The Online Experience
My program at MICA is online and will last for 15 months. It’s broken up into ten courses, three residences, and one class a week. My first course, Foundations of UX Design, meets every Wednesday at 7:30pm.
Although we only meet for two and half hours, much of our work is done outside of class, as you’d expect. And much of this work is split between reading and homework exercises.
We used Adobe Connect for class which let all the students in the cohort (a total of 9 including myself) see our professor, view the slides, and chat amongst the group. We took it upon ourselves to create a Facebook and Slack group for ‘out of class’ communication.
Did it work? Yes. Did it work well? Kind of.
Class was fine for the most part after we ironed out the connection and hardware issues. Some nights our screens froze, Some nights our browsers crashed, and some nights our mics were too loud.
Another issue is online etiquette. Nothing beats just simply raising your hand, but you couldn’t do that when your professor is miles away. Adobe Connect offered a number of ways to speak up in class. You could click a “raise hand” button, type your question in the chat box, or simply unmute your mic and speak. But which one do you choose? Which one is appropriate? Most people went to the chat box, but it takes a little longer to type than to speak. When the keyboard was hit accidentally, it informed everyone you were typing, which required the class to pause for the upcoming question that never came.
This only ate away at a little bit of class time here and there, but it definitely added up.
So, did it work? Yes. Did it work well? Kind of. Can you really complain when you’re on your couch going to class, I can’t.
The class was focused around a foundation in UX, and that’s exactly what we covered. We briefly went over user research, information architecture, visual and interaction design, prototyping, and usability testing.
After the course, I did get a firm understanding of things like what a UX designer is, what their goals are, how they communicate, how they work with other team members and stakeholders, and what deliverables they produce. Much of the technical information was learned from the reading. Class was used as an opportunity to reach consensus, not learn new information.
The homework consisted of readings in the book, articles, watching videos, and exercises like creating a user journey map. Our main project for the course involved researching, prototyping, and testing an interactive prototype, which really solidified the idea of design being a process. This wasn’t elaborate by any means — this was just a 6 week course. We picked from pre-selected sites, used coworkers and friends as users and testers, and made a very simple prototype.
We were tasked with picking a website, picking content on that website, performing a card sorting exercise, generating a sitemap with the results, creating a prototype from the sitemap, and testing that prototype with users. Having recently come back from a backpacking trip on the AT, I went with REI.com.
Here is a recap of my project.
We needed to pick 30–40 pieces of content since this was a manual card sorting exercise.

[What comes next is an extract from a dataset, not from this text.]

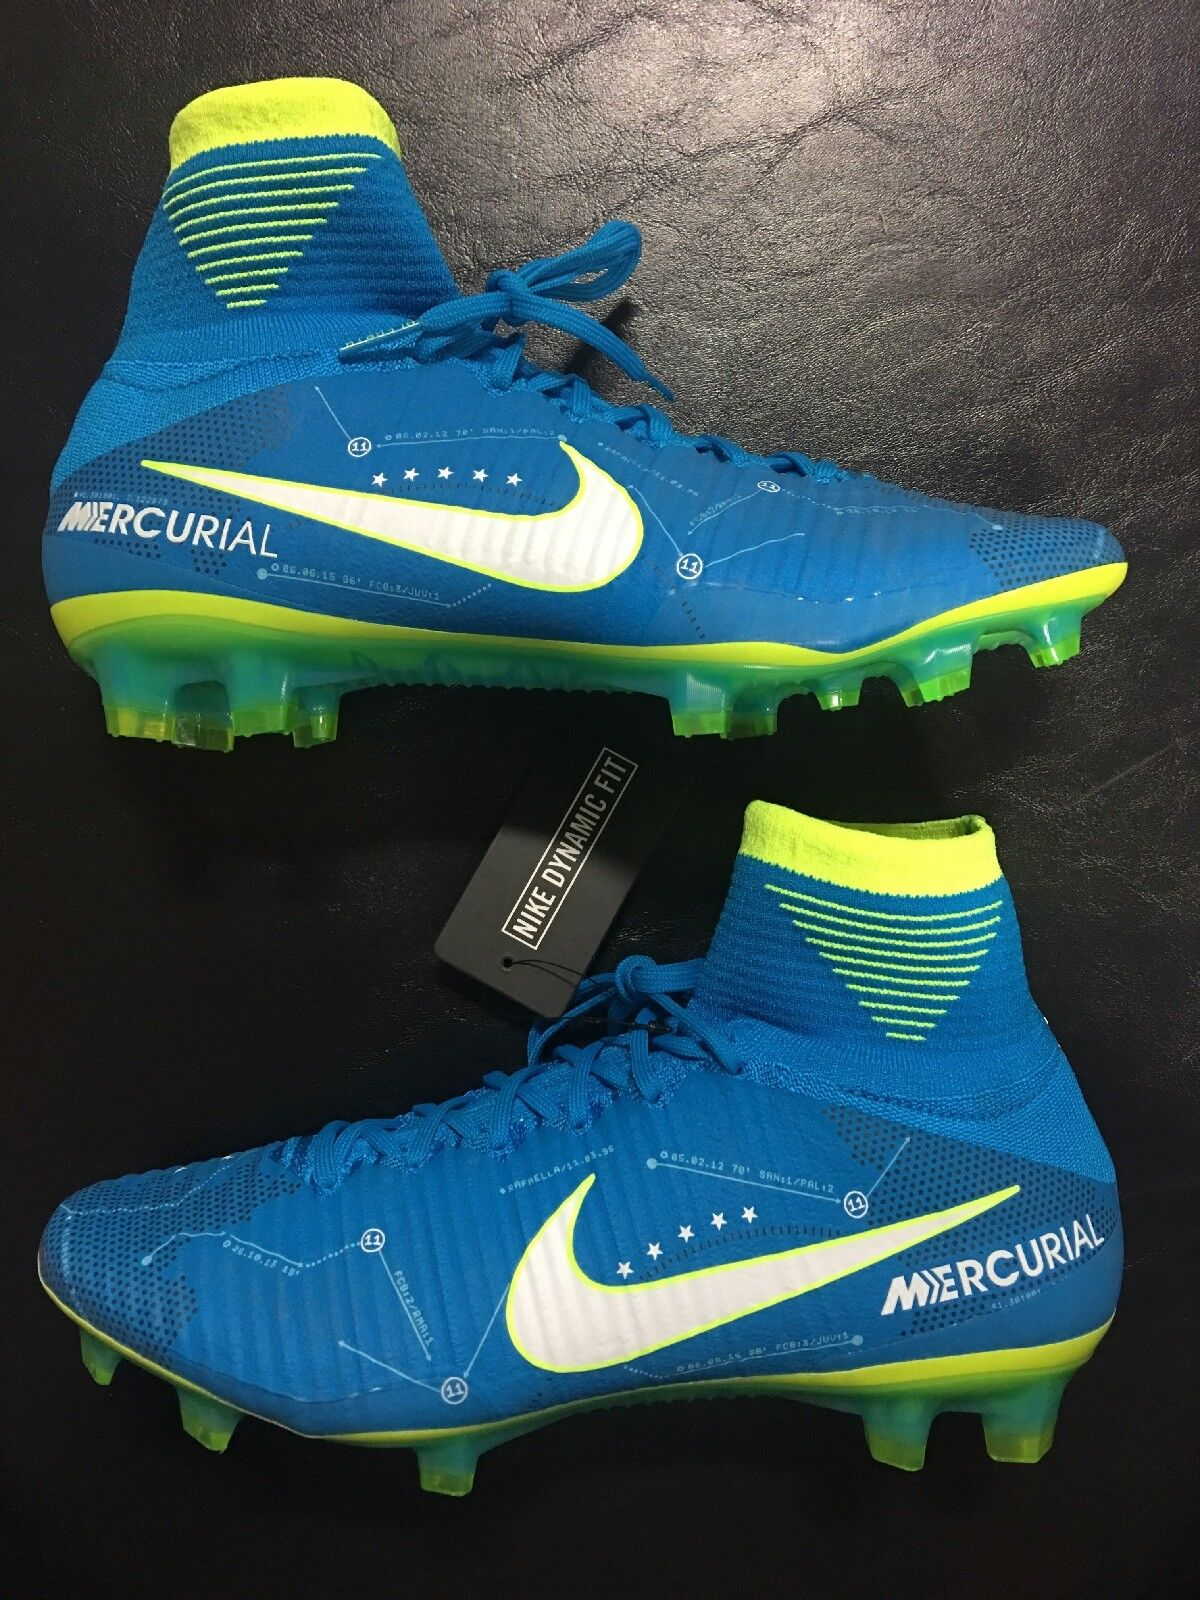 quality design 67151 f57f5 Nike Mercurial Superfly V NJR FG Soccer Cleat Blue Orbit (921499-400)  Neymar Jr 8

I chose to pick content from the “Camp and Hike” section of the site because the content was similar enough to be related but still categorizable, and I could test out the current sub-sections that REI chose.
Here are the tools that I used. Our card sorts were in-person with index cards but I needed to use OptimalSort to get a couple more participants. We were advised to use Axure which has a free student license, but I chose to use Framer JS.
To test, I gave my participants a small list of items and observed if they were able to find them or not. The results weren’t that accurate for a whole host of factors, but I learned a lot from the process. I learned a lot from getting in front of real people, watching, observing, and asking.
Being a UX designer isn’t about any one deliverable. It’s involves a range of communication tools to bridge the goals of the user and the business. It’s data driven yet humanistic. Designs can be quantifiably successful but learning why a design failed through in-person user research can’t be boiled down to any one metric.
If you’re on the fence about how to learn UX, I can’t tell you which side is right. I do suggest you figure out your goals, and try be descriptive. What sorts of projects do you want to work on? What type of team do you want to work with? What resources do you have currently or can acquire, and will they help you achieve those goals? Figure out where you stand and then read on about my experience.
I hope these posts will give you insight into my UX program, what a graduate UX program can offer, and if those benefits can help you achieve your goals.